The traditional smoking detection methods comprise smoke sensor detection based on smoke concentration, biological detection based on sampling analysis indexes, detection based on a vision monitoring system and the like, and the methods are low in accuracy and long in time consumption.
Disclosure of Invention
In order to solve the problems, the invention provides a public place smoking detection method based on improved YOLOv 8. The problem of high false detection rate and low accuracy rate of smoking detection behaviors in a monitoring video of a mall is solved by applying and improving a YOLOv8 algorithm for object identification and positioning based on a deep neural network.

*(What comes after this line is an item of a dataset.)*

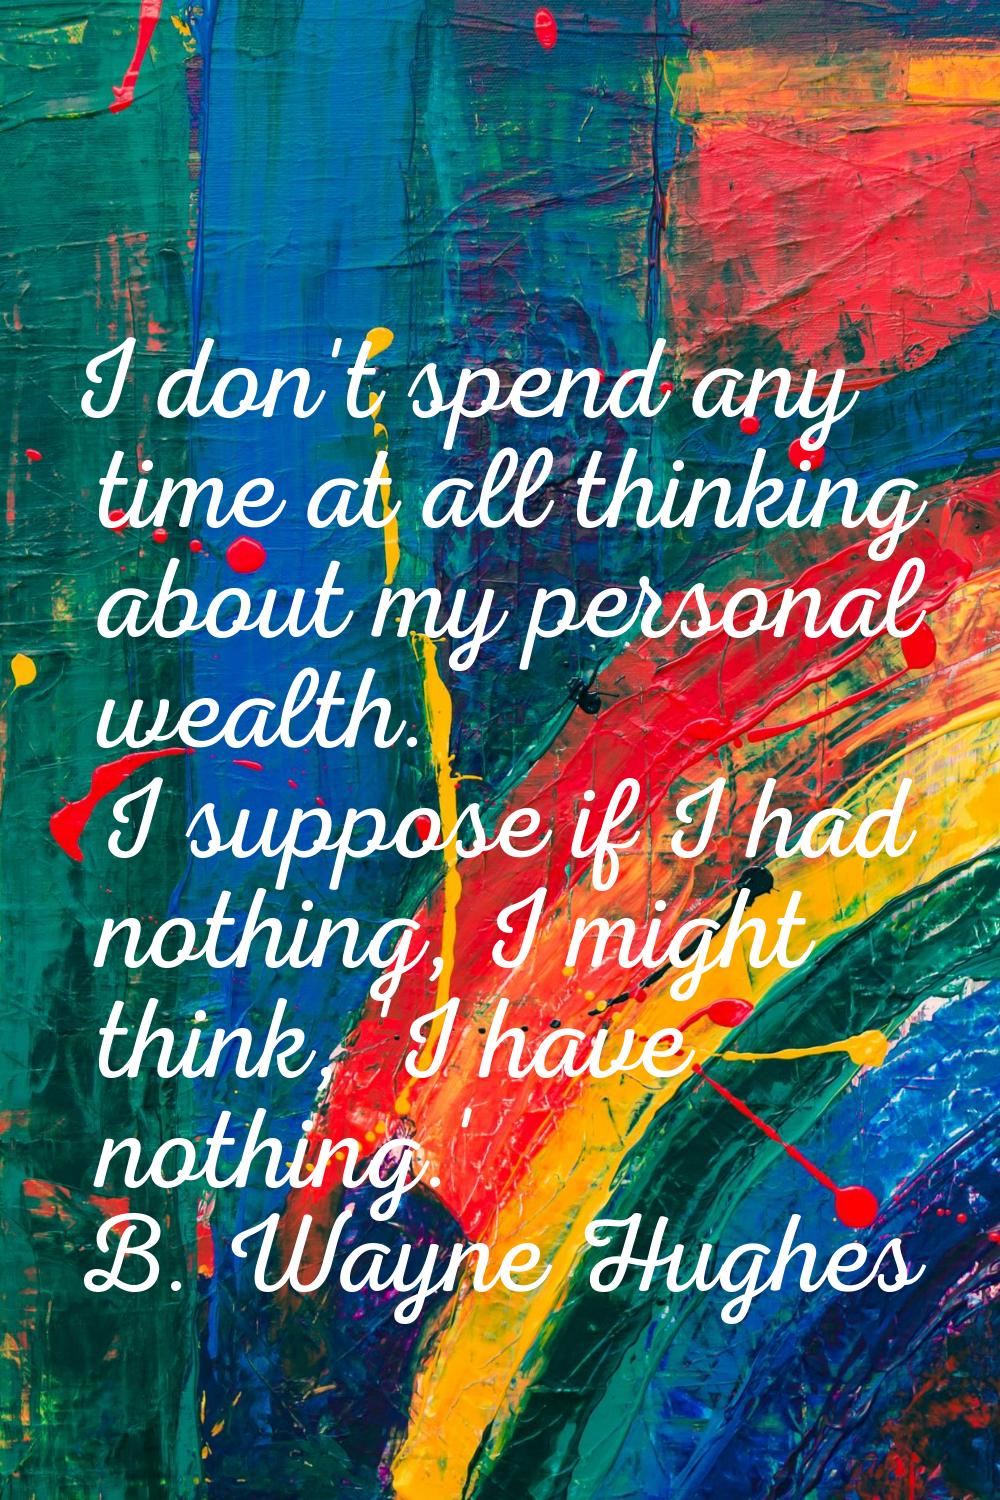 I don't spend any time at all thinking about my personal wealth. I suppose if I had nothing, I migh

The technical solution of the invention is realized as follows:
a public place smoking detection method based on improved YOLOv8 comprises the following steps:
s1, acquiring a smoking image to form a data set, and dividing the data set by using Labellmg label images, wherein the smoking image refers to an image for detecting and labeling smoking behaviors in a monitoring environment by a monitoring video, and the smoking behaviors comprise holding cigarettes on the mouth and exhaling the smoke of the cigarettes, and holding the lighted cigarettes in the hands;
s2, adopting a YOLOv8 model, adding a small target detection layer, continuing the operations of a C2f module, up-sampling and the like on the original Neck module, and carrying out feature fusion convolution on the obtained feature map and a first layer feature map of a backbone network to obtain a feature map with the size of 160 x 160; and carrying out feature fusion convolution on the obtained feature map and a second layer feature map of the backbone network so as to obtain 80 x 80 feature maps. Because the size of the cigarette is too small, the sampling multiple of the YOLOv8 is large, the characteristic information of the cigarette is difficult to identify by the original characteristic image, and the improved YOLOv8 is added with a small target detection layer with the size of 160 x 160, so that the problem that the cigarette is difficult to detect is solved, the false detection rate is reduced, and the detection effect is improved;
s3, improving a YOLOv8 backbone network, replacing a Darknet53 network with a lightweight network MobileNet V3, specifically replacing C2f and a part Cnov in the YOLOv8 with Bneck, and adopting a depth separable convolution to reduce the calculated amount by a lightweight YOLOv8 model; the inverse residual structure is adopted, the original 1×1 convolution dimension reduction, 3×3 convolution and 1×1 convolution dimension increase are changed into 1×1 convolution dimension increase, 3×3 convolution and 1×1 convolution dimension reduction are changed into a structure with wider middle and narrower two ends, the channel number is improved, and the calculated amount is reduced; the attention mechanism SE is introduced, a large weight is given to important channels, a small weight is given to unimportant channels, and the task processing efficiency and accuracy are improved; the calculated amount of the lightweight YOLOv8 model is smaller, and the accuracy is higher;
s4, introducing an attention mechanism CBAM into a Neck of the YOLOv8 model, calculating attention force diagrams from two different dimensions of a channel and a space in sequence by a CBAM module, after introducing the attention mechanism CBAM into the Neck, focusing on cigarette information, ignoring other useless information, covering the characteristics to more positions of the cigarettes, and improving the accuracy;
s5, optimizing a Loss function, replacing the CIoU with the Loss function of the EIoU, wherein certain ambiguity exists in the aspect ratio of the CIoU, the EIoU respectively calculates a wide difference value and a high difference value to replace the aspect ratio on the basis of the CIoU, and meanwhile, focal-Loss is introduced to solve the problem of sample unbalance;
s6, inputting the images into a trained improved YOLOv8 model based on a preset test set, and detecting each image to obtain a target detection result.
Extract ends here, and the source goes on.